_Task_: Retype the complete listing without any change.

_Listed entries_:

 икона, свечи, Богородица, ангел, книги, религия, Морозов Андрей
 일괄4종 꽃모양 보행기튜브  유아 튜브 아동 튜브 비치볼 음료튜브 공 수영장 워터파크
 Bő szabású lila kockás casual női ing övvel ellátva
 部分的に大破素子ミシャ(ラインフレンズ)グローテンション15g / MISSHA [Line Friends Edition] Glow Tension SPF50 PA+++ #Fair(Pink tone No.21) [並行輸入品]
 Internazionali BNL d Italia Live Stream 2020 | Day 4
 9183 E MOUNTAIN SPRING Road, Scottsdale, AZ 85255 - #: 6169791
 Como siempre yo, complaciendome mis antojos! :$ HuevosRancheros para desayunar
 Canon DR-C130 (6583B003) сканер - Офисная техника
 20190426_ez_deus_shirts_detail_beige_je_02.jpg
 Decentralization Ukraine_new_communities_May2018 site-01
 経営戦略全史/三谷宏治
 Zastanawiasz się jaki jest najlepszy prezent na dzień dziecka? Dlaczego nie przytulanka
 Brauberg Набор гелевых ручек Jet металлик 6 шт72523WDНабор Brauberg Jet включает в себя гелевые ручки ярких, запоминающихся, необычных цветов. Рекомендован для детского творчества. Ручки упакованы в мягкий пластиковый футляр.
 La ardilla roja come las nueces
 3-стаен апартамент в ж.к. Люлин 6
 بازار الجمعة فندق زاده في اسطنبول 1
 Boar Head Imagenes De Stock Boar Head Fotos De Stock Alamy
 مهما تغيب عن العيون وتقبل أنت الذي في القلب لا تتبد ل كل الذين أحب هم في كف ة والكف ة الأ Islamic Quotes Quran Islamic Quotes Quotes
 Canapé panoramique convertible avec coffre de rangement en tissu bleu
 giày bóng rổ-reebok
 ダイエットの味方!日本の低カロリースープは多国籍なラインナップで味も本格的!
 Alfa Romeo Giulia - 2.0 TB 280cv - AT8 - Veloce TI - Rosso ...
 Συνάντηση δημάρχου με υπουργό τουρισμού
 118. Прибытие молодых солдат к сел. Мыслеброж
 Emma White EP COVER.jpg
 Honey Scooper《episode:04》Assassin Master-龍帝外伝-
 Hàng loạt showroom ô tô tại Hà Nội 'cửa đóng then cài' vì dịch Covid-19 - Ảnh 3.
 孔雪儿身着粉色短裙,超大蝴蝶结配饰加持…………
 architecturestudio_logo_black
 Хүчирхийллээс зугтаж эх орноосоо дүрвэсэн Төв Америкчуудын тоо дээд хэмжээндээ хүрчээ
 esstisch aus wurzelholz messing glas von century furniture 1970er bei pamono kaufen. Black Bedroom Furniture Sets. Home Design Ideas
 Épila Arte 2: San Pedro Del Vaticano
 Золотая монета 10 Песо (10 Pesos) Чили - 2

_Answer area_:
 икона, свечи, Богородица, ангел, книги, религия, Морозов Андрей
 일괄4종 꽃모양 보행기튜브  유아 튜브 아동 튜브 비치볼 음료튜브 공 수영장 워터파크
 Bő szabású lila kockás casual női ing övvel ellátva
 部分的に大破素子ミシャ(ラインフレンズ)グローテンション15g / MISSHA [Line Friends Edition] Glow Tension SPF50 PA+++ #Fair(Pink tone No.21) [並行輸入品]
 Internazionali BNL d Italia Live Stream 2020 | Day 4
 9183 E MOUNTAIN SPRING Road, Scottsdale, AZ 85255 - #: 6169791
 Como siempre yo, complaciendome mis antojos! :$ HuevosRancheros para desayunar
 Canon DR-C130 (6583B003) сканер - Офисная техника
 20190426_ez_deus_shirts_detail_beige_je_02.jpg
 Decentralization Ukraine_new_communities_May2018 site-01
 経営戦略全史/三谷宏治
 Zastanawiasz się jaki jest najlepszy prezent na dzień dziecka? Dlaczego nie przytulanka
 Brauberg Набор гелевых ручек Jet металлик 6 шт72523WDНабор Brauberg Jet включает в себя гелевые ручки ярких, запоминающихся, необычных цветов. Рекомендован для детского творчества. Ручки упакованы в мягкий пластиковый футляр.
 La ardilla roja come las nueces
 3-стаен апартамент в ж.к. Люлин 6
 بازار الجمعة فندق زاده في اسطنبول 1
 Boar Head Imagenes De Stock Boar Head Fotos De Stock Alamy
 مهما تغيب عن العيون وتقبل أنت الذي في القلب لا تتبد ل كل الذين أحب هم في كف ة والكف ة الأ Islamic Quotes Quran Islamic Quotes Quotes
 Canapé panoramique convertible avec coffre de rangement en tissu bleu
 giày bóng rổ-reebok
 ダイエットの味方!日本の低カロリースープは多国籍なラインナップで味も本格的!
 Alfa Romeo Giulia - 2.0 TB 280cv - AT8 - Veloce TI - Rosso ...
 Συνάντηση δημάρχου με υπουργό τουρισμού
 118. Прибытие молодых солдат к сел. Мыслеброж
 Emma White EP COVER.jpg
 Honey Scooper《episode:04》Assassin Master-龍帝外伝-
 Hàng loạt showroom ô tô tại Hà Nội 'cửa đóng then cài' vì dịch Covid-19 - Ảnh 3.
 孔雪儿身着粉色短裙,超大蝴蝶结配饰加持…………
 architecturestudio_logo_black
 Хүчирхийллээс зугтаж эх орноосоо дүрвэсэн Төв Америкчуудын тоо дээд хэмжээндээ хүрчээ
 esstisch aus wurzelholz messing glas von century furniture 1970er bei pamono kaufen. Black Bedroom Furniture Sets. Home Design Ideas
 Épila Arte 2: San Pedro Del Vaticano
 Золотая монета 10 Песо (10 Pesos) Чили - 2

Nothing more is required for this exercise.